• _What you need to do_
Exclude the pictures, and otherwise reproduce the data in full.

• _Data section_
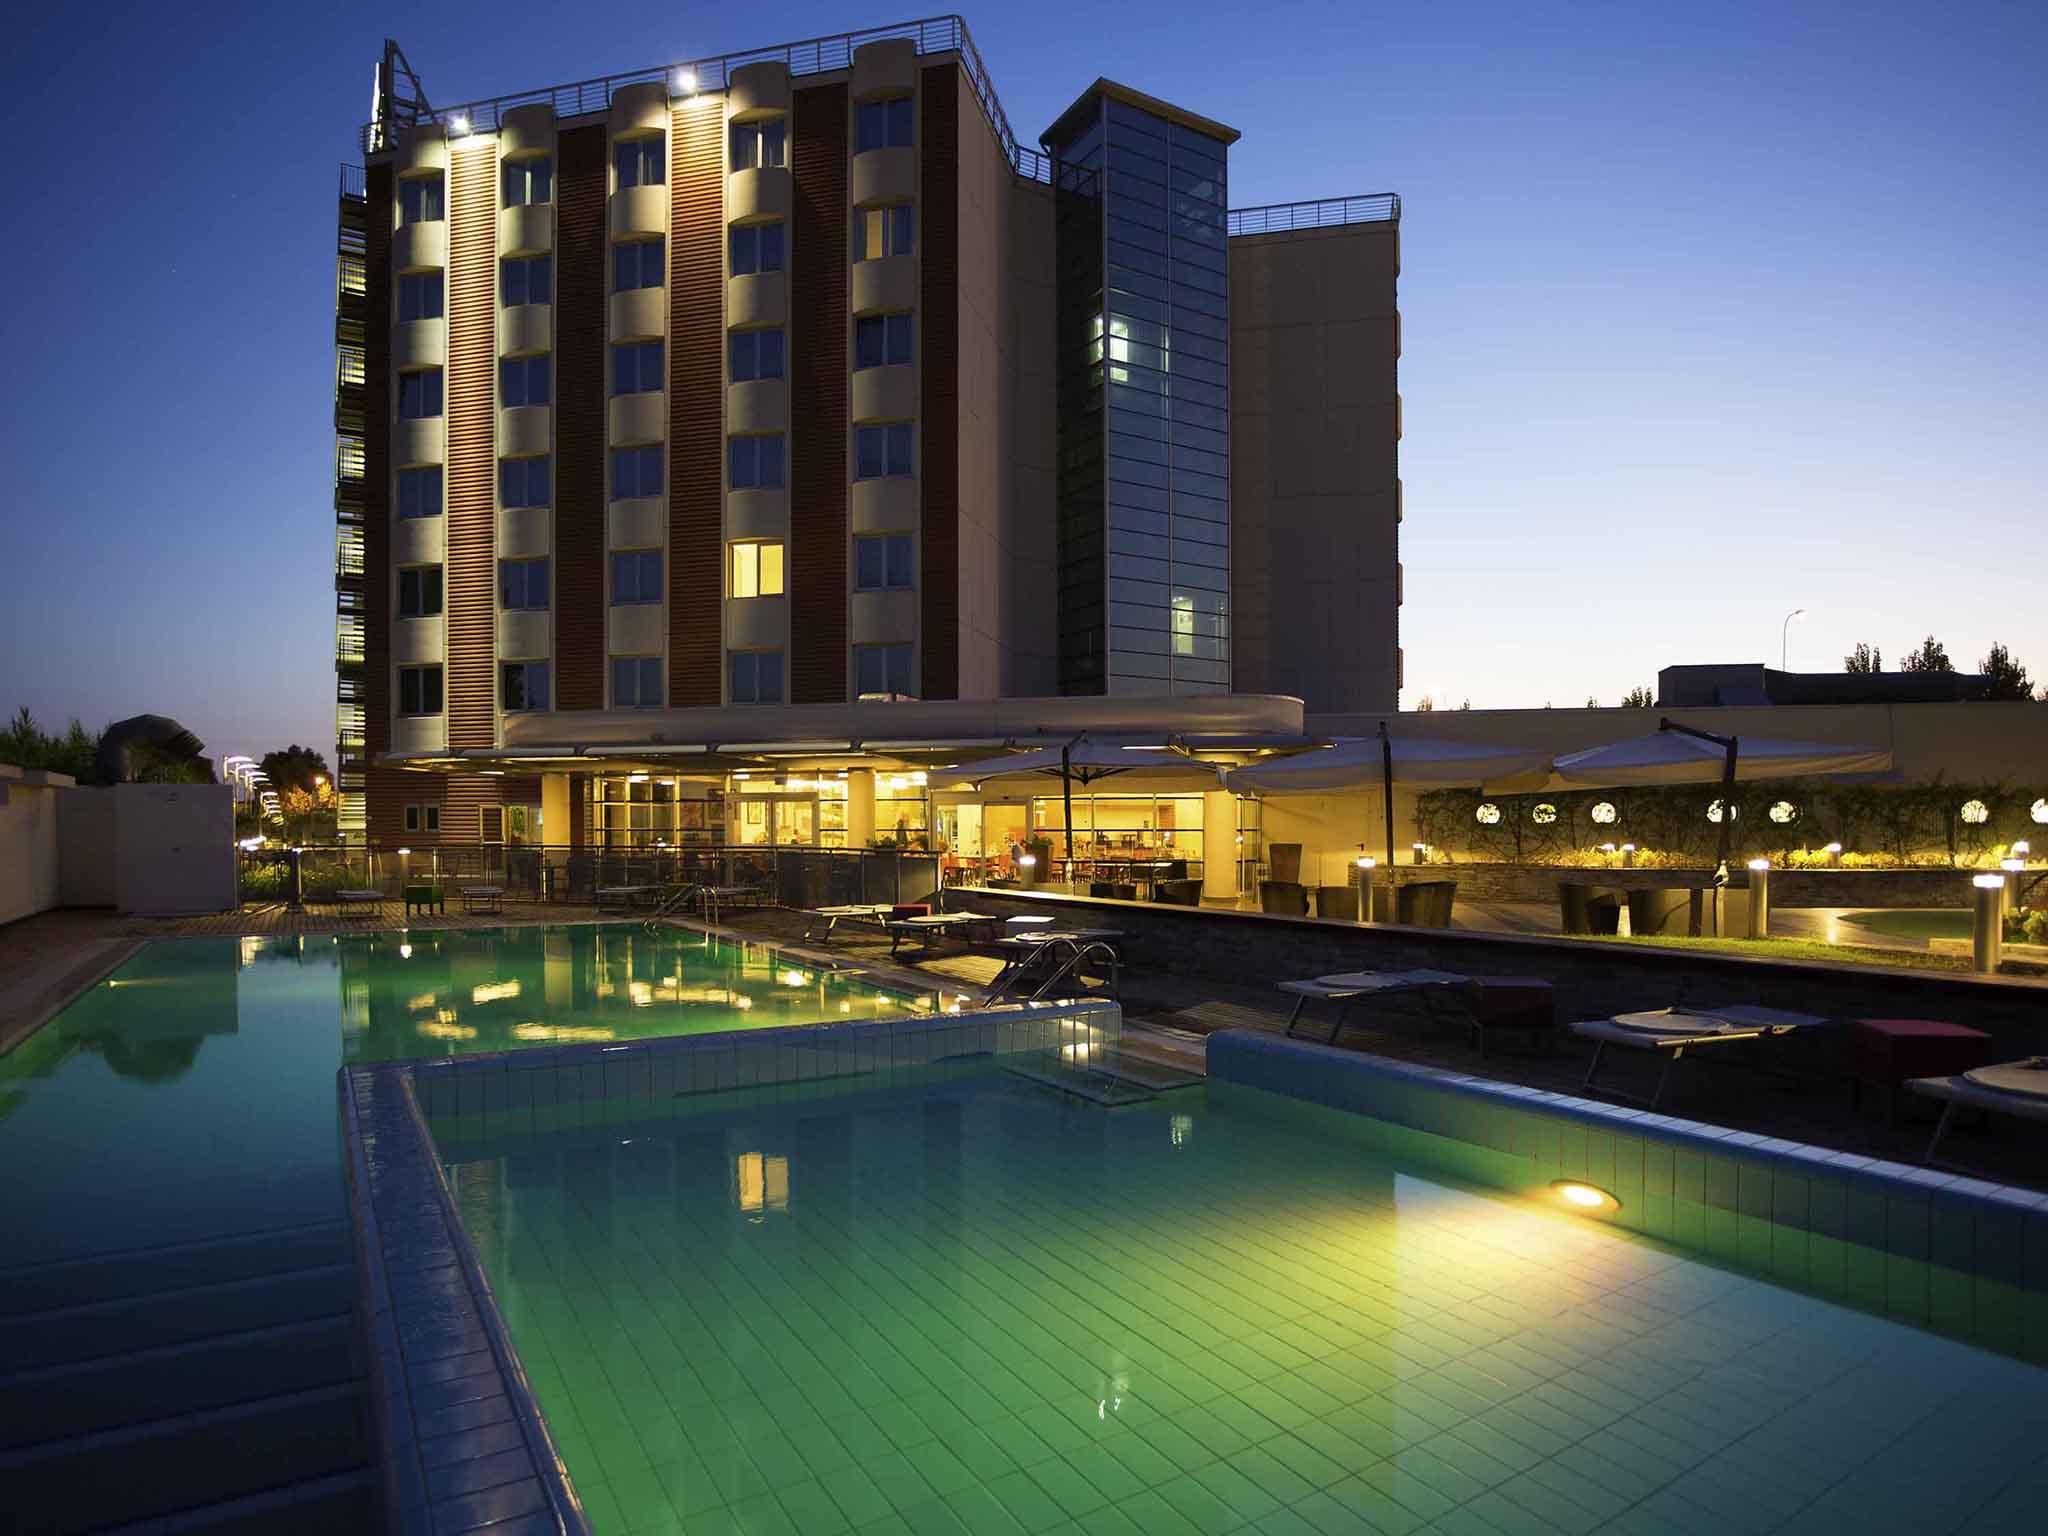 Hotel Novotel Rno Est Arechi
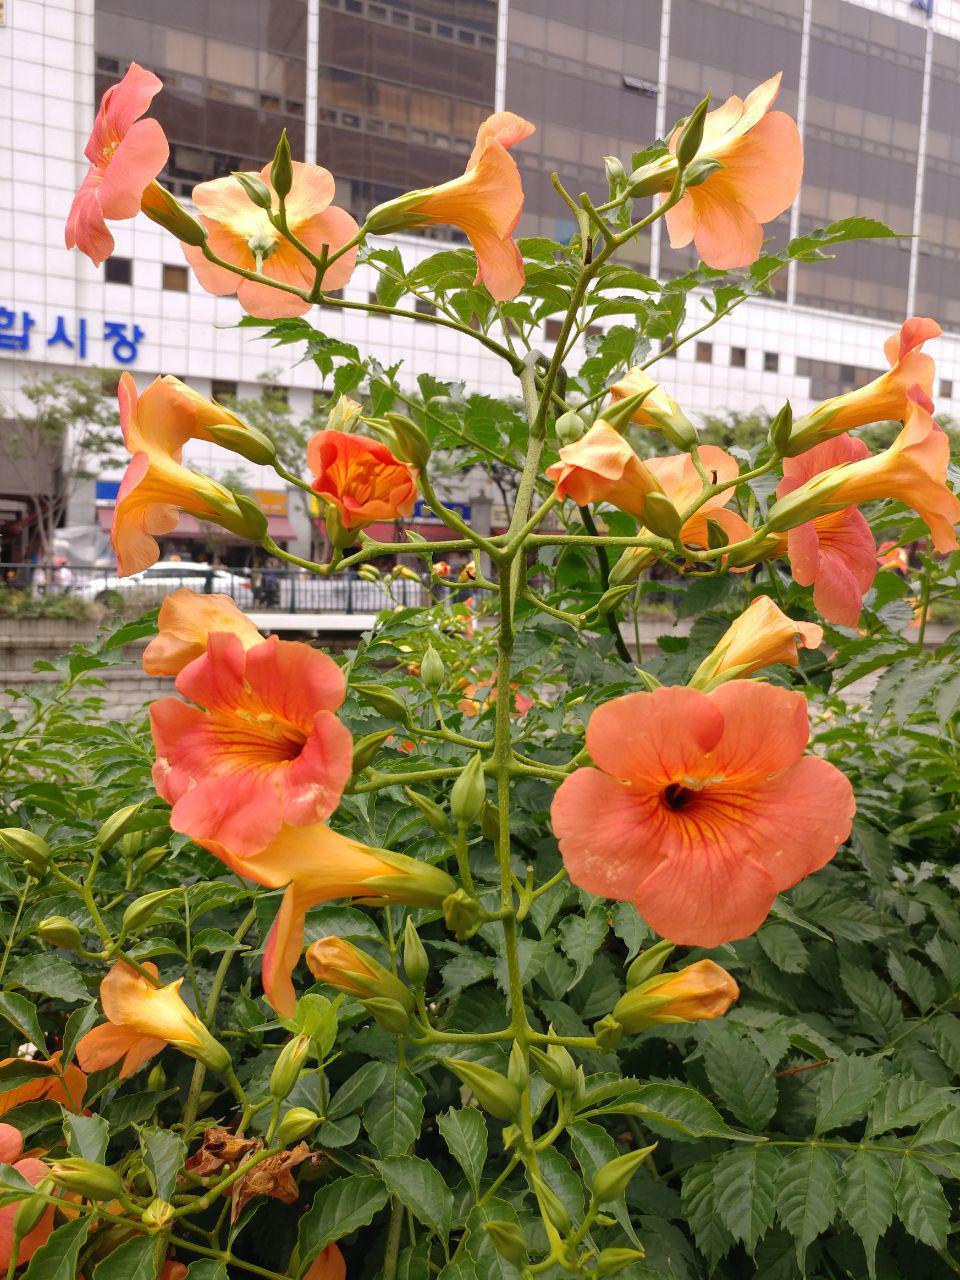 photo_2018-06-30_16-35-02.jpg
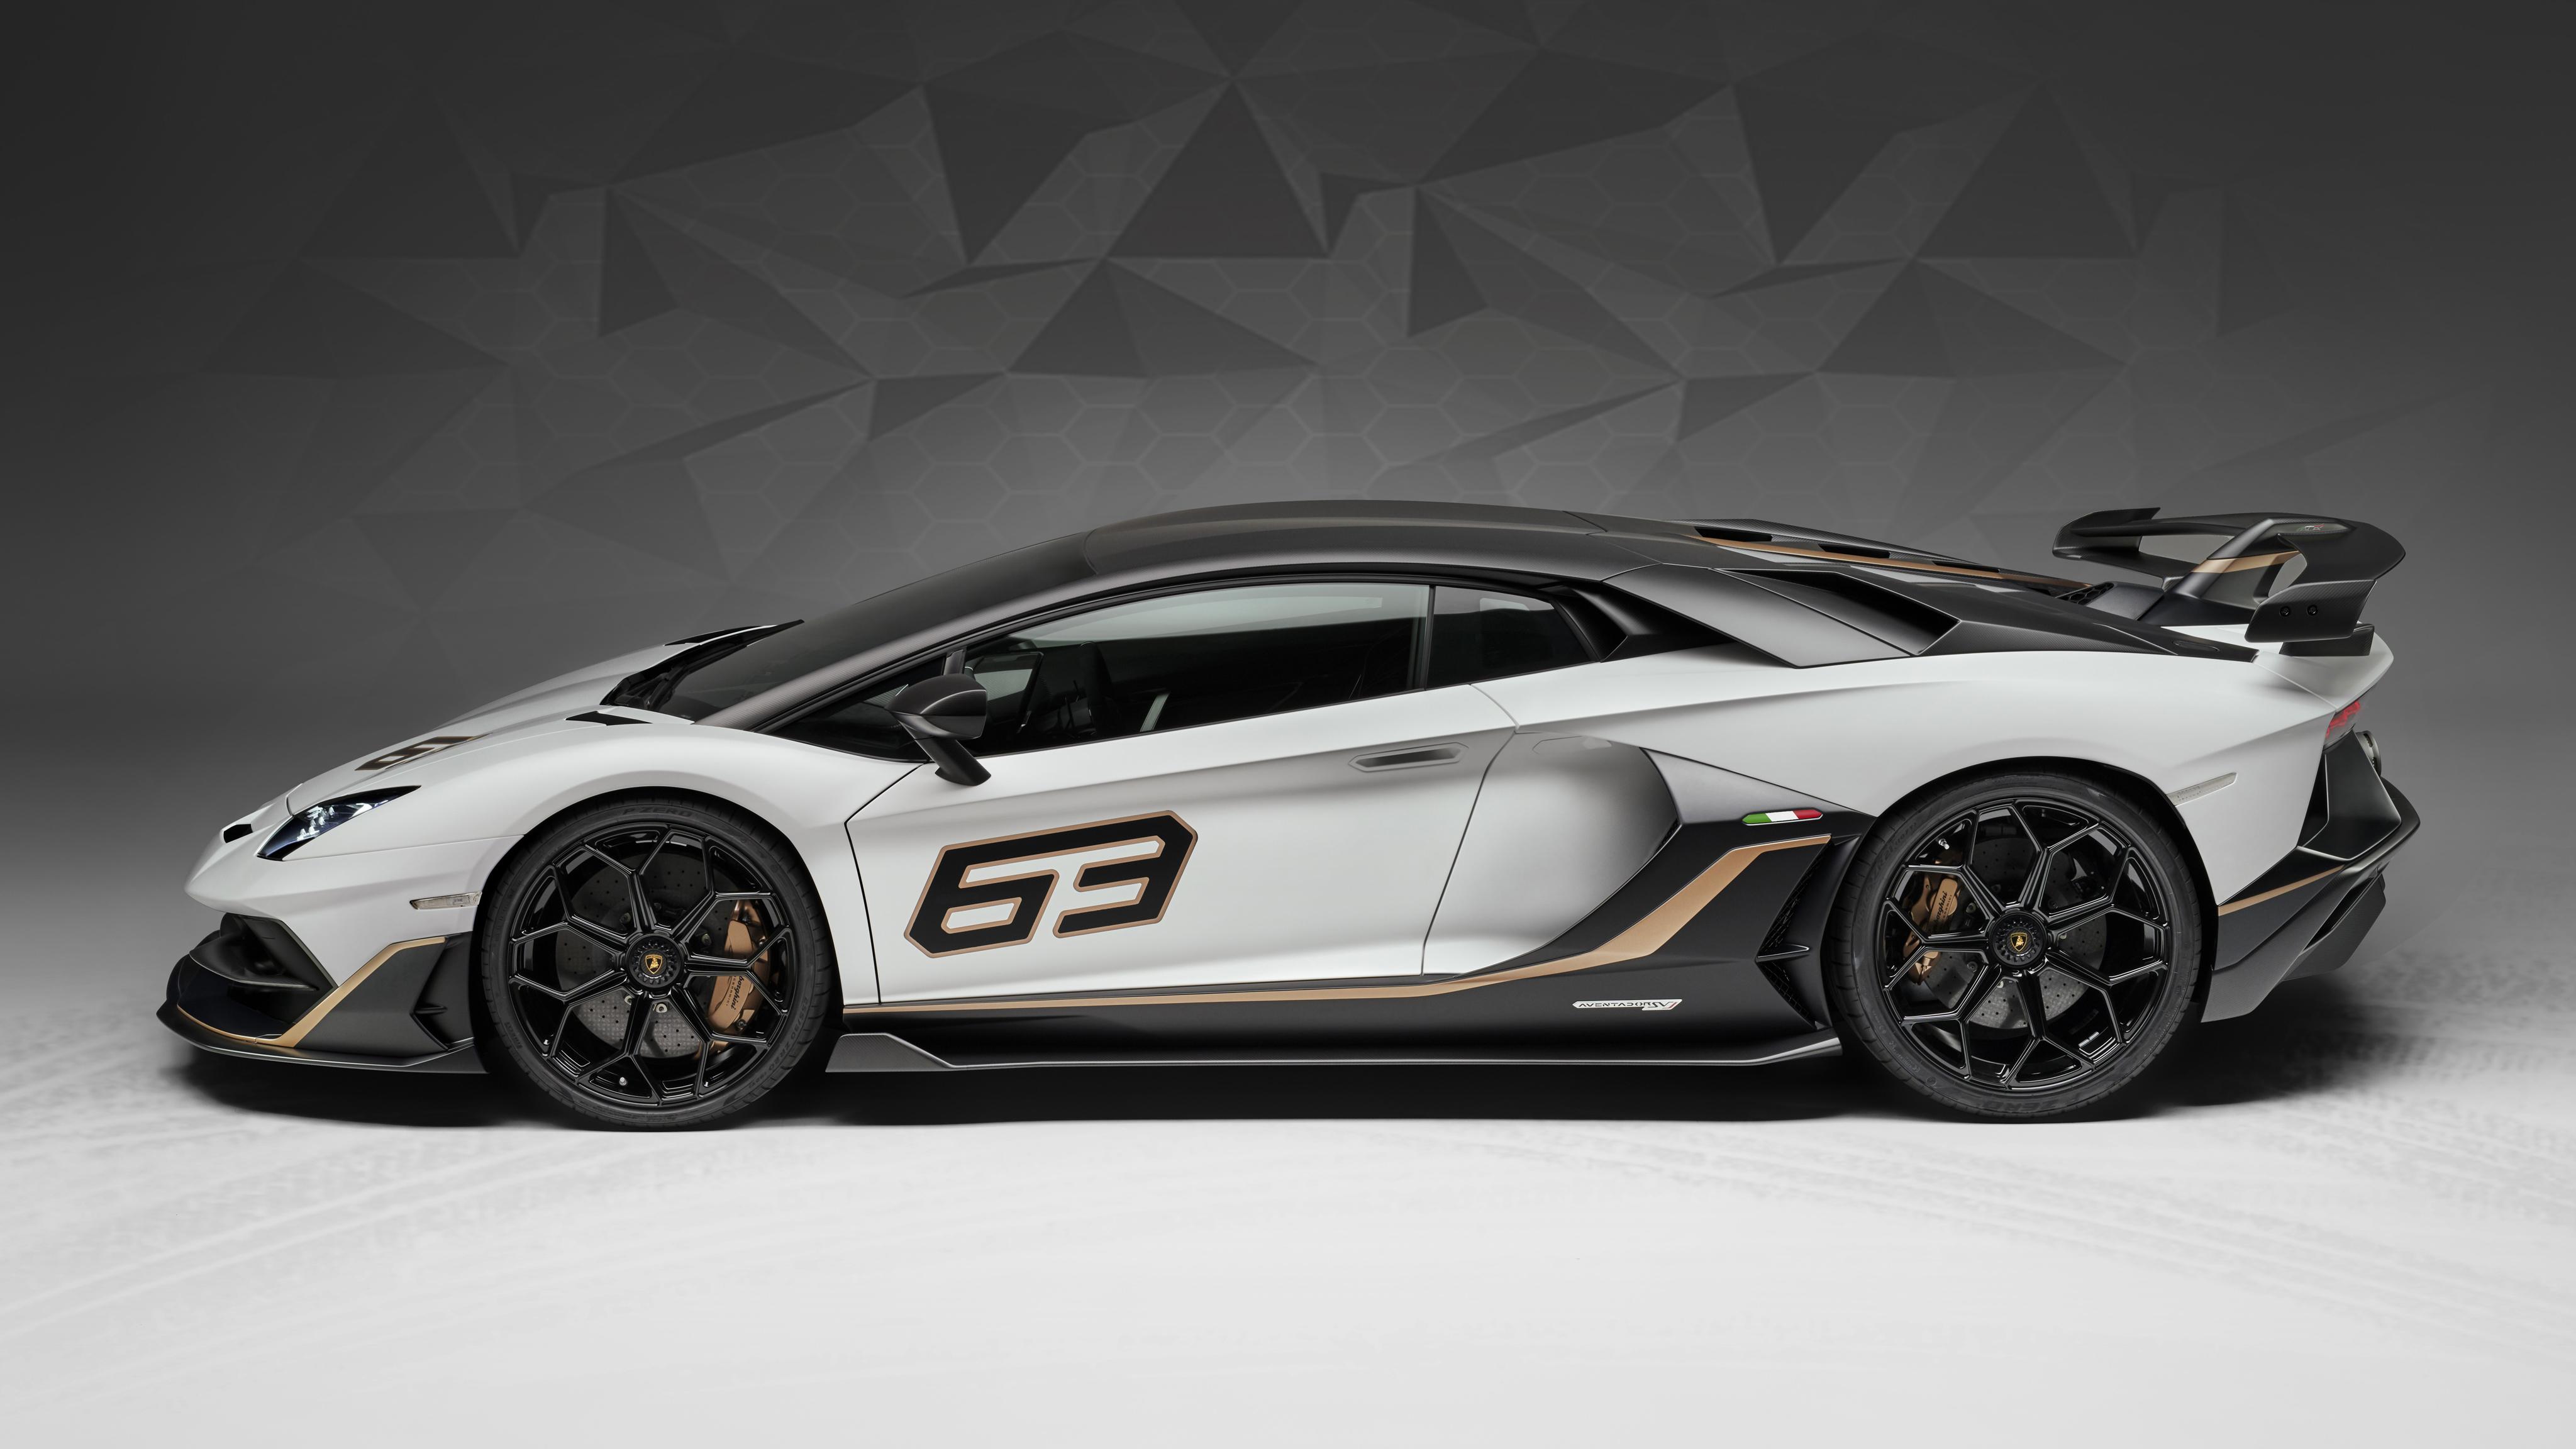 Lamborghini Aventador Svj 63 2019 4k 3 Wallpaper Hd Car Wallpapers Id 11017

• _Exercise solution_
 Hotel Novotel Rno Est Arechi
 photo_2018-06-30_16-35-02.jpg
 Lamborghini Aventador Svj 63 2019 4k 3 Wallpaper Hd Car Wallpapers Id 11017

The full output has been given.